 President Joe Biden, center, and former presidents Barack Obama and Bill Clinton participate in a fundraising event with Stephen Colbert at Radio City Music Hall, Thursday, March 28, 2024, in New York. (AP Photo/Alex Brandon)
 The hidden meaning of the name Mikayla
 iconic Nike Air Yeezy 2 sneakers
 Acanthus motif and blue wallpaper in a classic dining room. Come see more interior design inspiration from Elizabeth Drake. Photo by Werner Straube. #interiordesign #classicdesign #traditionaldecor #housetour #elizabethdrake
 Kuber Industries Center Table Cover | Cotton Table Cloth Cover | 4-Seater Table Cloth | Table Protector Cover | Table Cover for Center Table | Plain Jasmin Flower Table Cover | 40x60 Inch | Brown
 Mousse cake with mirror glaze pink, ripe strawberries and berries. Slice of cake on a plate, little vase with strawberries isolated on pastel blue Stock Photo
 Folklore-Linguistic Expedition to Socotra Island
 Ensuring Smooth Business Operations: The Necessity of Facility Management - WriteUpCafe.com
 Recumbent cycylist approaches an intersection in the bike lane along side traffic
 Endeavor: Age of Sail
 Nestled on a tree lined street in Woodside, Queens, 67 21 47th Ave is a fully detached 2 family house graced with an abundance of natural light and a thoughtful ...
★ ★ ★
The span to give again runs from the line with "Kuber Industries Center" through the last line of the records above; reproduce it exactly and nothing more.

[RESPONSE]:
 Kuber Industries Center Table Cover | Cotton Table Cloth Cover | 4-Seater Table Cloth | Table Protector Cover | Table Cover for Center Table | Plain Jasmin Flower Table Cover | 40x60 Inch | Brown
 Mousse cake with mirror glaze pink, ripe strawberries and berries. Slice of cake on a plate, little vase with strawberries isolated on pastel blue Stock Photo
 Folklore-Linguistic Expedition to Socotra Island
 Ensuring Smooth Business Operations: The Necessity of Facility Management - WriteUpCafe.com
 Recumbent cycylist approaches an intersection in the bike lane along side traffic
 Endeavor: Age of Sail
 Nestled on a tree lined street in Woodside, Queens, 67 21 47th Ave is a fully detached 2 family house graced with an abundance of natural light and a thoughtful ...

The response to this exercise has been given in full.